I think you understood me properly about why I chose not to participate. You would have to a sk the company why they don't like me sharing what I hear in those calls here on this website. Humans have a big need to control things, even when it does not make much sense to try or when doing so actually works against your own interests, as it does in this case in my opinion. If they were smart, and they used to be smart, they would try to utilize me to spread the message they want to spread. But that was in a different era when different people were in charge.
jfm1330 wrote: Can you explain to me why your friends can talk with management and come away reassured about TH1902, and me and other little shareholders are left with yesterday's conference call and the same BS? If they have data that would reassure everybody, they should be able to find a way to make it clear to all shareholders. No need to publish the data if they think it's better not do it for now for whatever the reasons, but if they were able to let your friend with a positive feeling, it should have been the same for all of us. Yesterday you wrote that you did not participate because you want to be free to share what you learn in those meetings with big investors. So, again, why the little one are not allowed to know stuff that the big ones can, as long as they don't diclose it publicly. Maybe i did not understand you properly, but that's the way I understood it. Even though they don't disclose insiders info in these meeting, these big investors can come out of these meeting with a better sense of what is going on.
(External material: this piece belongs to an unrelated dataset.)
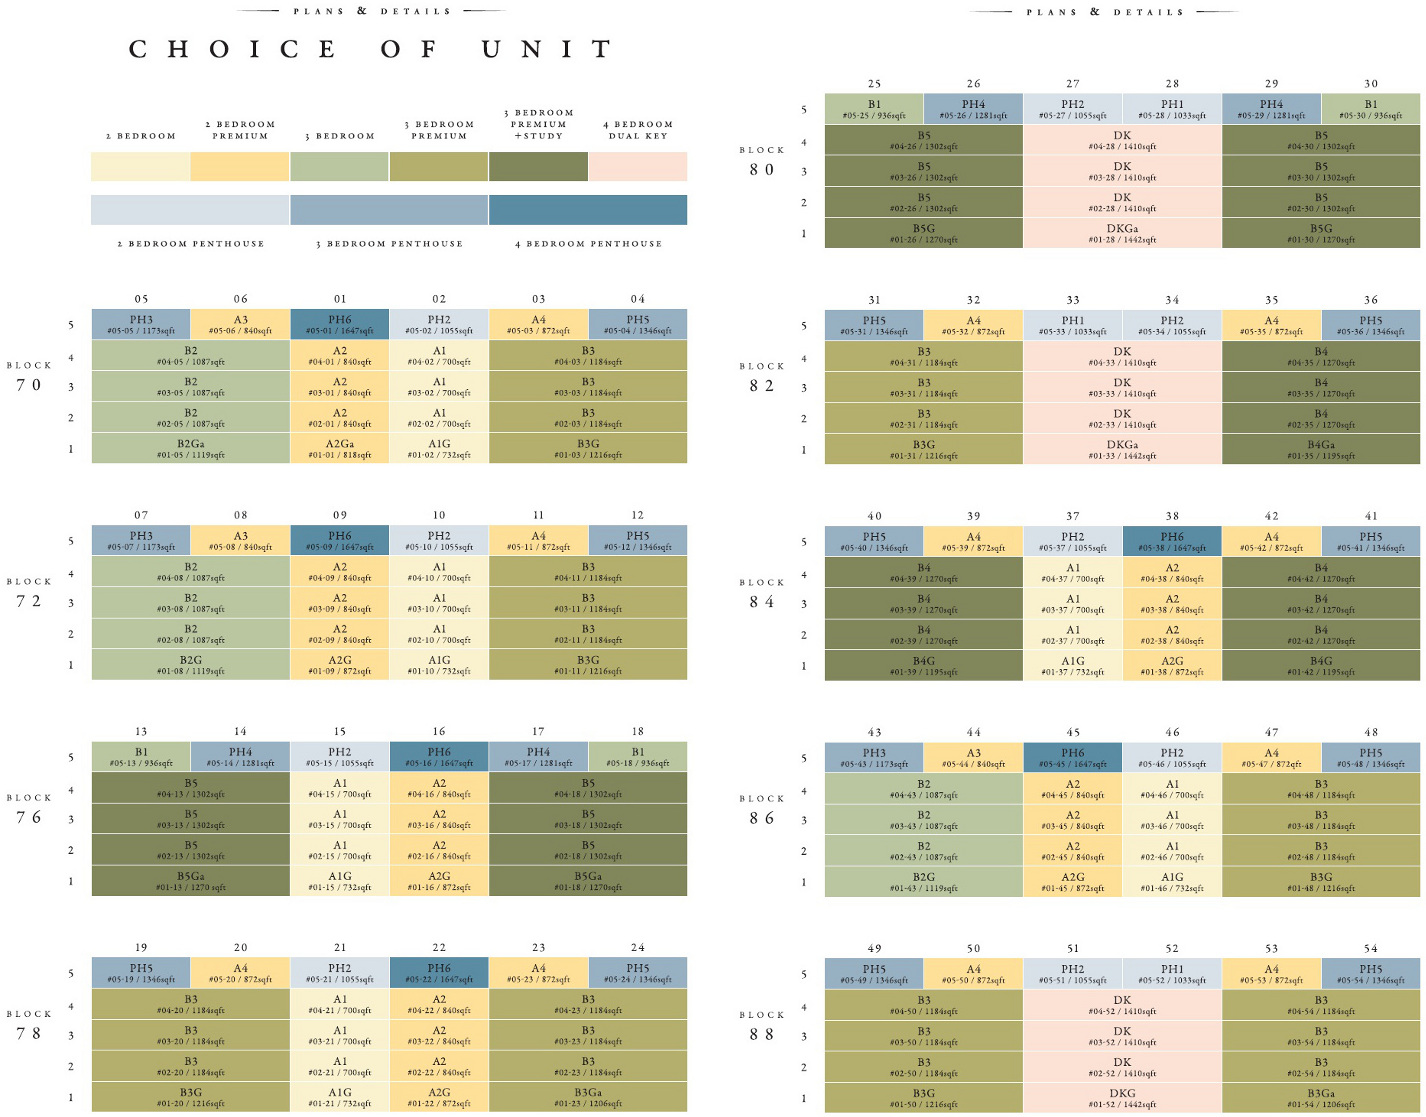 Seventy St Patricks Floor Plans :: Unit Types

SPCEO1 wrote: Not sure what you are talking about. You were quoting a remark by JFM not me. I am disappointed we have not heard at least one piece of positive info yet from the trial but I am not freaking out. As I noted, other large shareholders I know who met with management yesterday came away feeling very good about the potential of TH-1902 and I they are not idiots. So, if we have had this much patience all ready, I suppose we can summon up just a little more.